The Commissioner’s appeal to the High Court in the case of Thomas v FCT  FCA 968 was heard on 10 and 11 April 2018.
While the High Court has reserved its decision, the transcript reflects the complicated and yet strained interaction between trust and tax law.
The case involved the purported streaming of franking credits in a manner that was different to that which the net income of the trust was resolved to be distributed. That is, in the relevant years:
approximately 90% of the franking credits and foreign income, and 1% of the remaining net income of the trust was purportedly distributed to an individual beneficiary and the balance of the net income of the trust was purportedly distributed to a corporate beneficiary.
This strategy resulted in the corporate beneficiary having a nil tax liability, and the individual beneficiary receiving cash refunds from the franking credits allocated to him.

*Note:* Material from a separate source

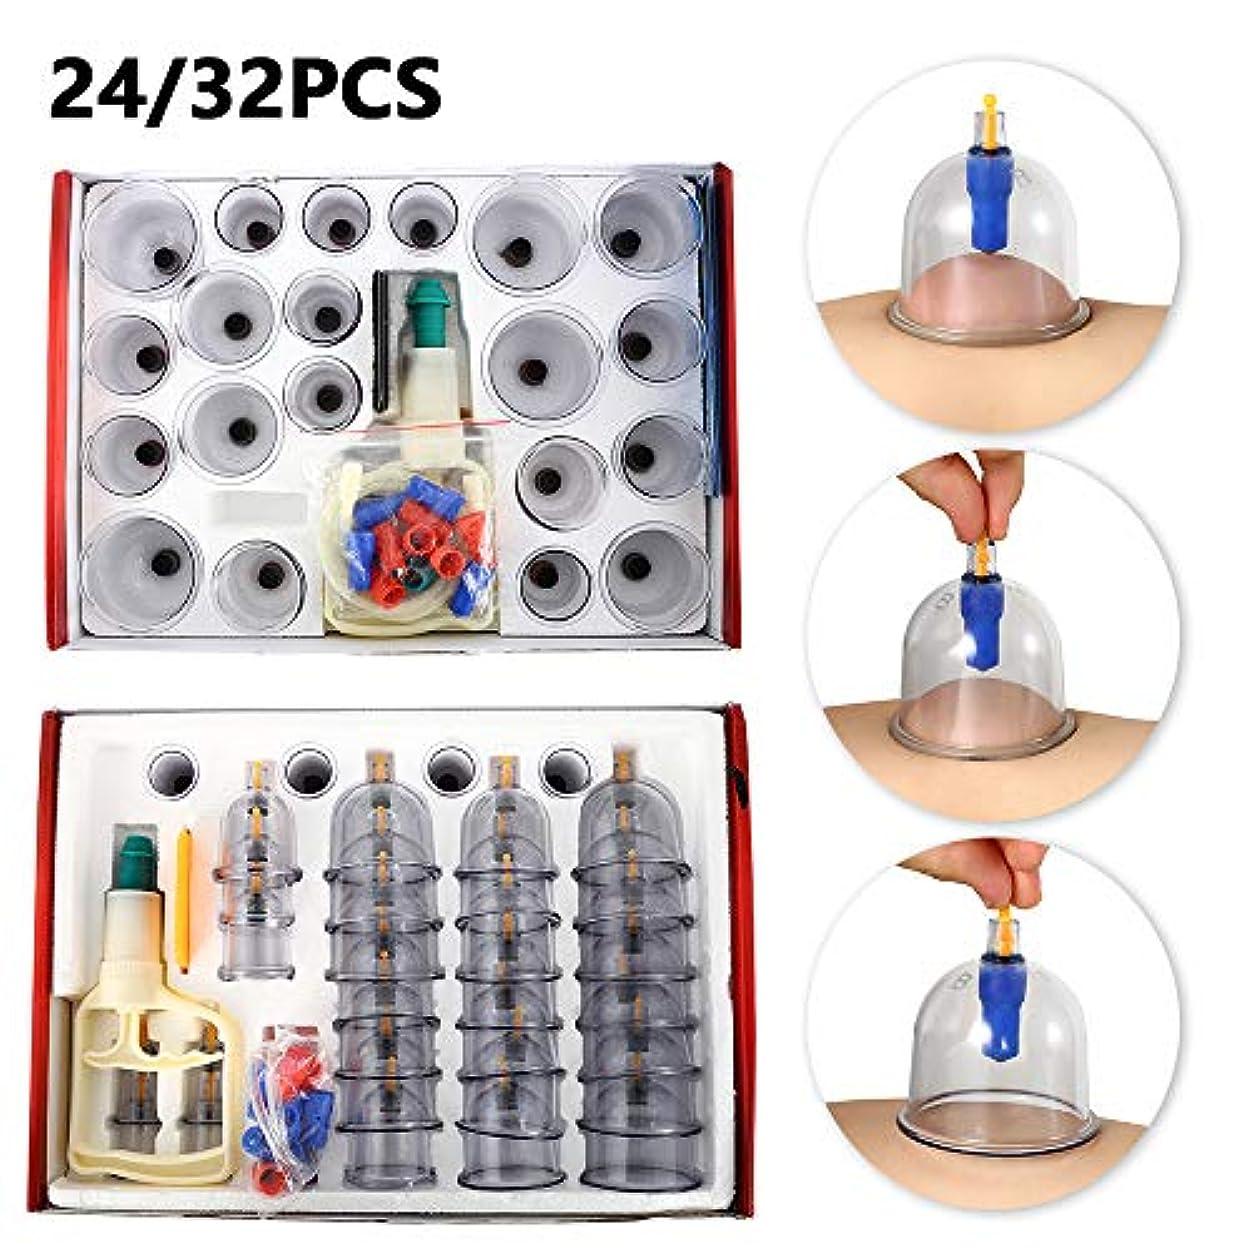 空虚迫害する有毒なSteppiano カッピング 吸い玉 カッピングカップ 真空カッピング ツボ刺激 血流促進 こり解消 点穴 磁気 刺激 延長チューブ付属 (32セット)

In the Supreme Court of Queensland (Thomas Nominees Pty Ltd ACN 010 049 788 v Thomas & Anor  QSC 417), the Taxpayer successfully obtained a declaration that franking credits could form part of the income of a trust estate. It was on this basis that the Taxpayer was able to differentially stream franking credits.
The Commissioner successfully appealed the Supreme Court of Queensland decision in the Federal Court (Thomas v FCT FCA 968). Broadly, Justice Greenwood found that:
neither the Commissioner nor the Federal Court was bound by the orders made by the Supreme Court of Queensland and a discretionary trust could not distribute franking credits differently from the manner in which the net income of the trust was distributed.

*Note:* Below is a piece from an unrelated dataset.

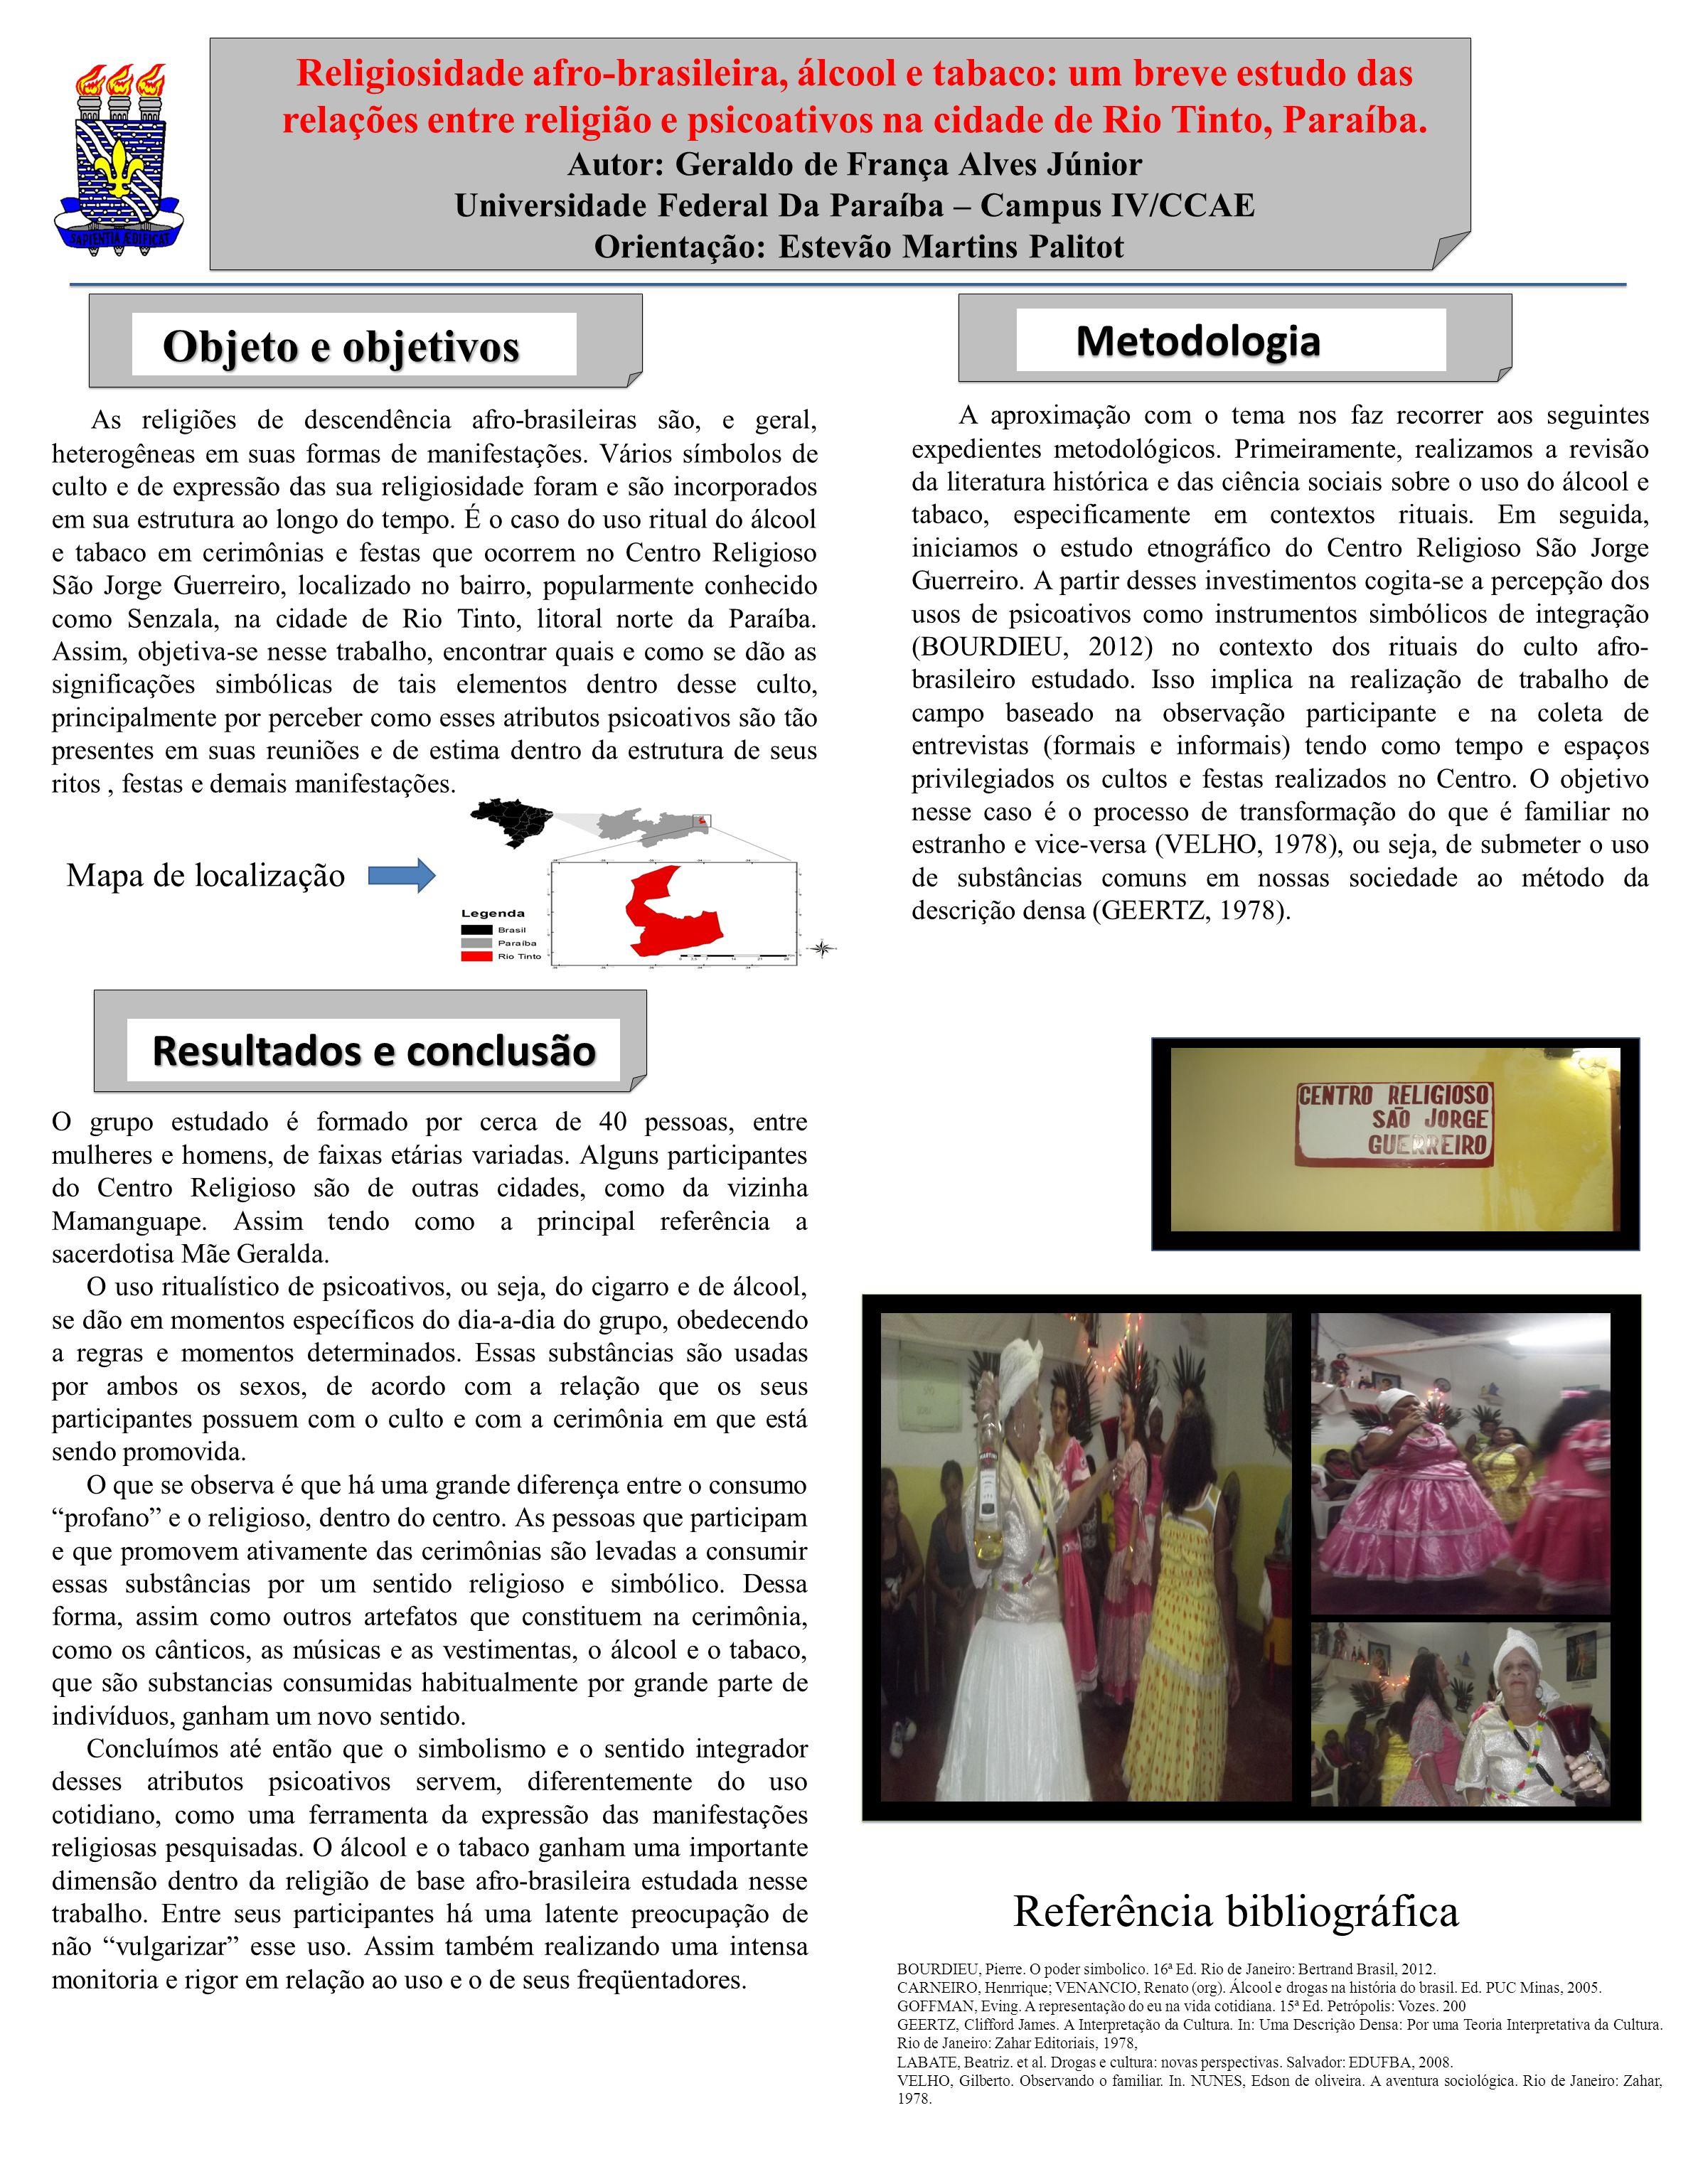 Objeto e objetivos Objeto e objetivos Metodologia Metodologia As religiões de descendência afro-brasileiras são, e geral, heterogêneas em suas formas

In the Full Federal Court (Thomas v FCT  FCAFC 57), the Taxpayer succeeded in his appeal and the matter was remitted to the Commissioner for reassessment.
While the Full Federal Court found it difficult to embrace the interpretation made by the Supreme Court of Queensland of the relevant distribution resolutions, it ultimately found that the Supreme Court of Queensland orders were binding on the Commissioner to the extent they determined the rights of the beneficiaries and trustee.
In the High Court transcript, Justice Gleeson notes that the trust deed did not purport to treat franking credits as a species of income, but that this is one of the areas where the proceedings in the Supreme Court of Queensland went wrong – “…the notion that the deed authorised the treatment of franking credits as a species of income is not only wrong under Division 207 but it is wrong even on the deed itself.”